This and the following two drawings depict the Battle of Lowestoft, the first conflict in the Second Anglo-Dutch war.  The Dutch fleet, under the command of Jacob, Baron van Wassenaar van Obdam, instigated the combat, seeking out the English fleet.  They encountered it off the Suffolk coast on 1/11 June 1665, but because of bad weather van Wassenaar van Obdam waited to attack until the morning of 3/13 June. 

These drawings show three different phases of the battle: ten in the morning, one to three, and three in the afternoon, respectively.  In the present work, we see the beginning of the battle, with the English in the foreground and the Dutch aligned behind.  The English squadrons are spreading out: in the middle-ground left is Admiral Prince Rupert (Prins), leader of the White Squadron, right of center the Duke of York (de ducke) and slightly ahead of him to the right the Earl of Sandwich (zantwits) commander of the Blue Squadron. 

The Dutch fleet lies beyond a narrow gap of water clouded by the smoke from the firing guns.  The commander (Obdam) is halfway toward the right edge, his ship, the Eendracht, partly obscured by the gun smoke.  Ranged to his left are Vice Admiral Schram (schram), commander of the Seventh Squadron, and the other squadron leaders.  Off toward the horizon at the right Van de Velde has remarked on the ships sailing off heenige duijtse schepen seer scadeloos ende wandevoirige (away over there German ships completely undamaged and in dereliction of their duty).

These drawings differ from the only other battle scene in the present group of drawings, the monumental Battle of Solebay (lot 13), not only in the tremendous difference in scale, but also in their function.  They were not eye-witness accounts, but later transcriptions of the battle, probably made around 1674 when Van de Velde was already in England.  According to Robinson they were intended as tapestry designs commissioned by Charles II.  That would explain the extreme finish of the works as well as the fact they show the battle from a bird’s eye view – the better to identify all the various combatants. 

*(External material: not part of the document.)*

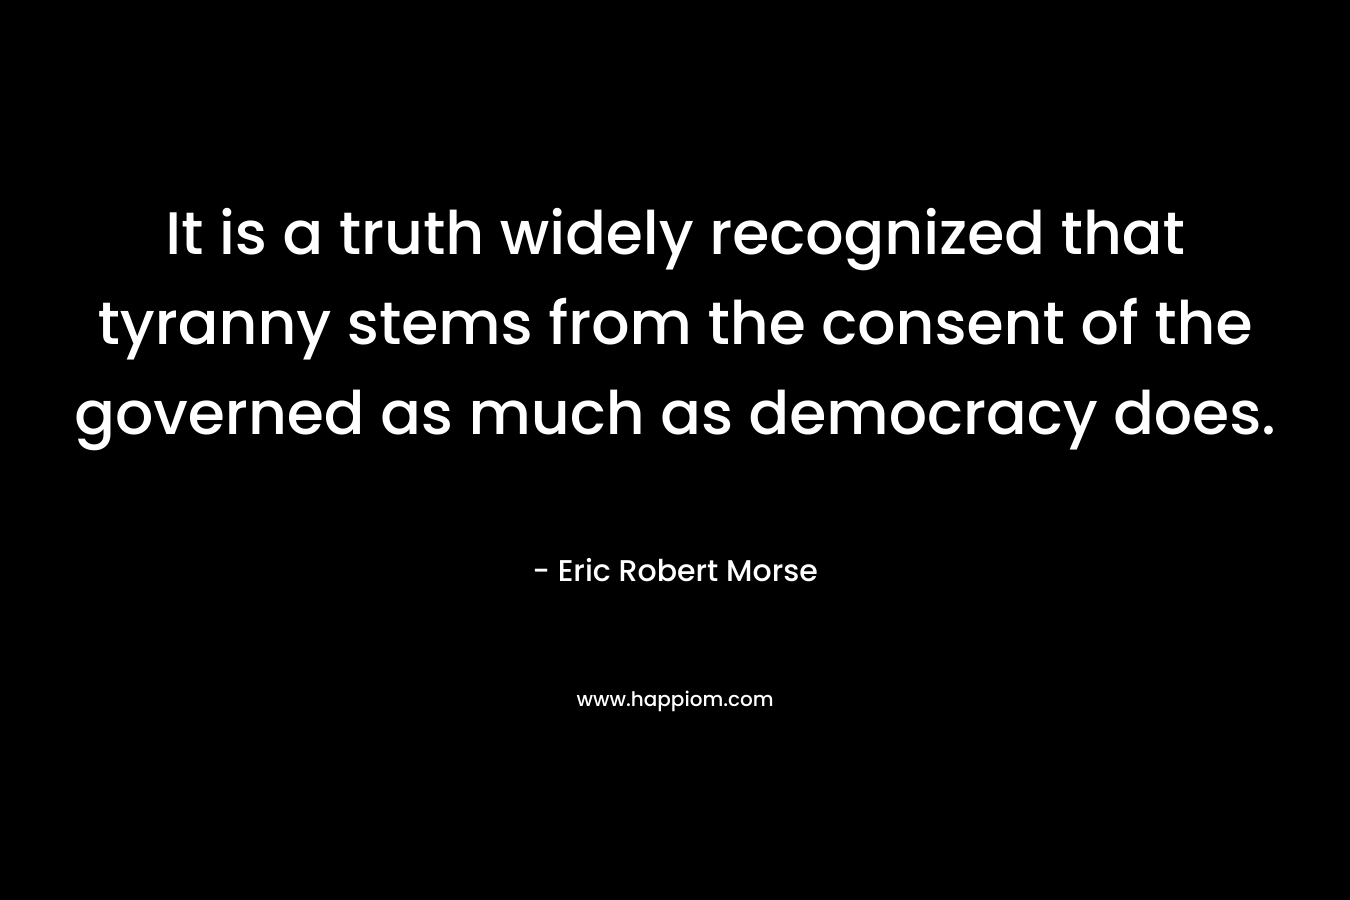 It is a truth widely recognized that tyranny stems from the consent of the governed as much as democracy does. – Eric Robert Morse

Van de Velde's work as a tapestry designer is not well known, but the inscription on the drawing of the Battle of Solebay now in Leiden (see note to lot 13) demonstrates that he did make drawings that were specifically intended for reproduction in this medium. It seems, however, that the only tapestries still known today that have been identified as being based on his designs are the two partial sets of Solebay tapestries at Hampton court, and some four others depicting the same battle (see H.C. Marillier, The Tapestries at Hampton Court Palace, London 1962, frontispiece, and pp. 30-31). 

Another major series of tapestries depicting the Battle of Lowestoft must, however, have been planned - if not, perhaps, ever executed - as in addition to the three fascinating drawings in the present sale, there are a further three sheets at Greenwich, extremely similar to these in size, format and style, which show different moments in the battle (Robinson 1958, nos. 446-8).